Bloody awesome. Thanks for sharing and welcome to the collective.
Jim


----------



## mklotz

I think it's fascinating that the lowlife who stole your pictures had the balls to watermark them to prevent anyone from stealing them from him!


----------



## kutzdibutz

lessons learned for myself- watermark the pictures before posting... 
(its a pain that one has to do such things, but an easy measure as well)

Nice engine! 

Cheers, Karsten


----------



## mu38&Bg#

mklotz  said:
			
		

> I think it's fascinating that the lowlife who stole your pictures had the balls to watermark them to prevent anyone from stealing them from him!
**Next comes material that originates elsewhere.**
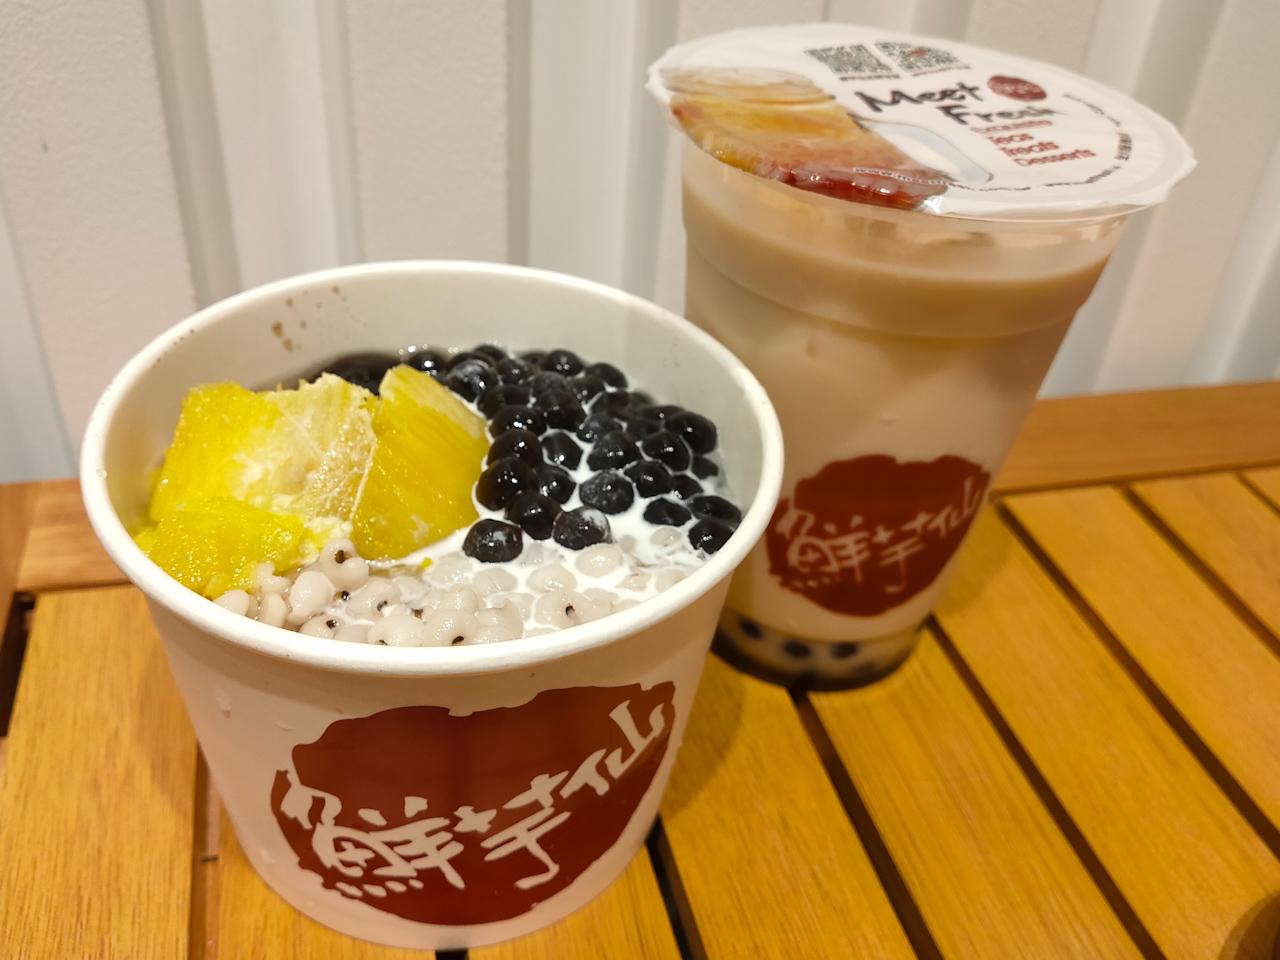 台湾のハーブ「仙草」で作ったゼリーに、はと麦・さつまいも・タピオカが入った「仙草2号」
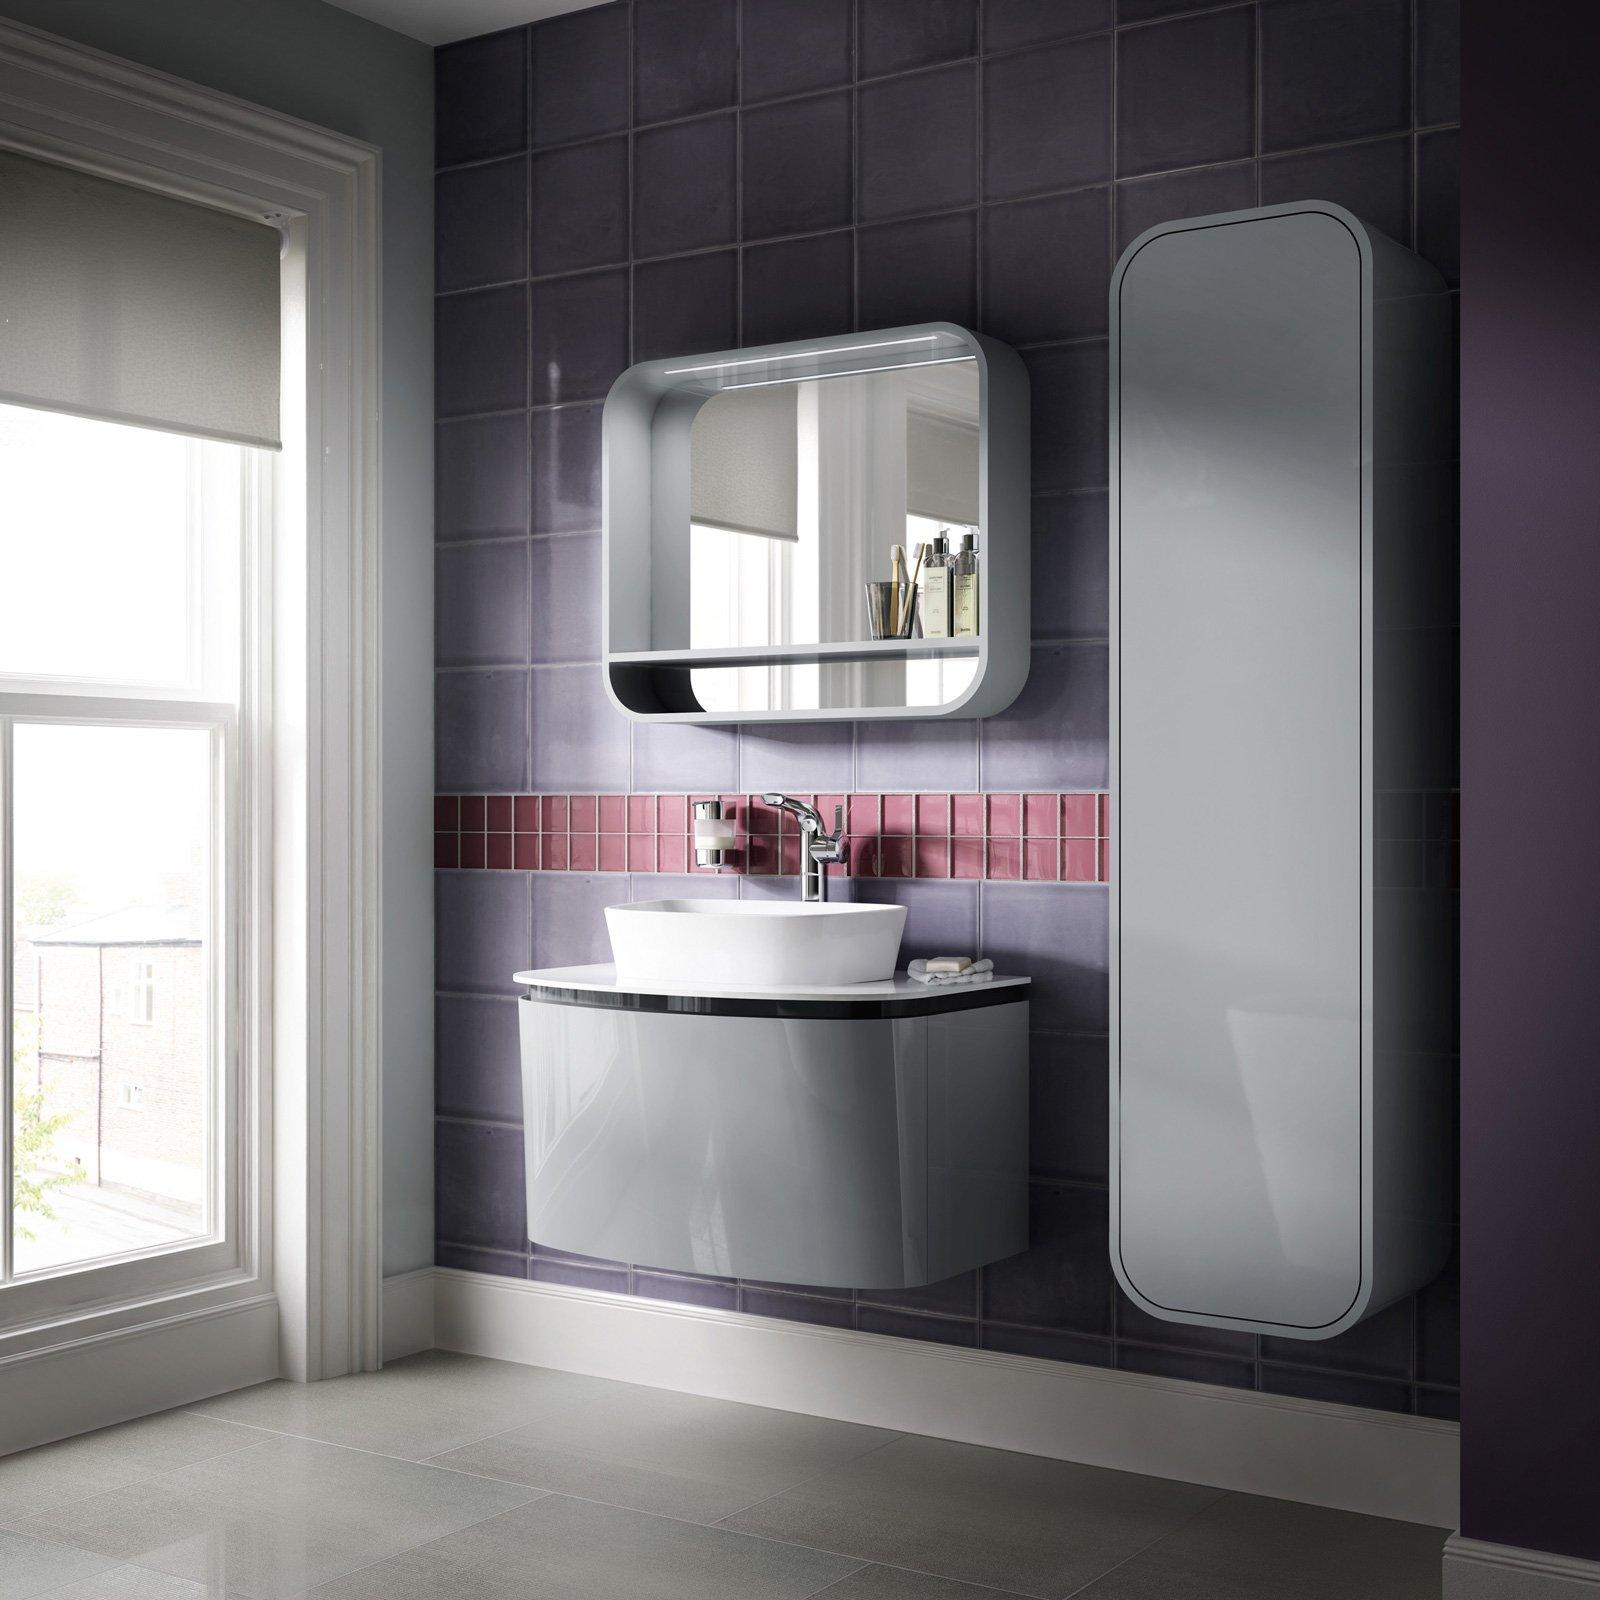 Specchi sopra il lavabo cose di casa for Mensola bianca lucida

If you look at the site, every uploaded photo has the website's watermark.


----------



## hdwrench1

The talent on this forum is amazing!!
Well done

Cheers
Wayne
 :bow:


----------



## Johnsinski

Ooops, I just realize when I reorganized my Photobucket, it broke all the links the the pictures. I didn't see an edit button otherwise I would have changed the original post. New links:


----------



## Till

Johnsinski said:


> If they can reproduce it based on the pics, good for them. But yea, I agree, douchbags.



It has nothing to do with reproduction or claiming ownership. This guy is most likely getting paid.  They are skimming the web for content to increase the rank in web searches and to attract visitors. It's all about money.


----------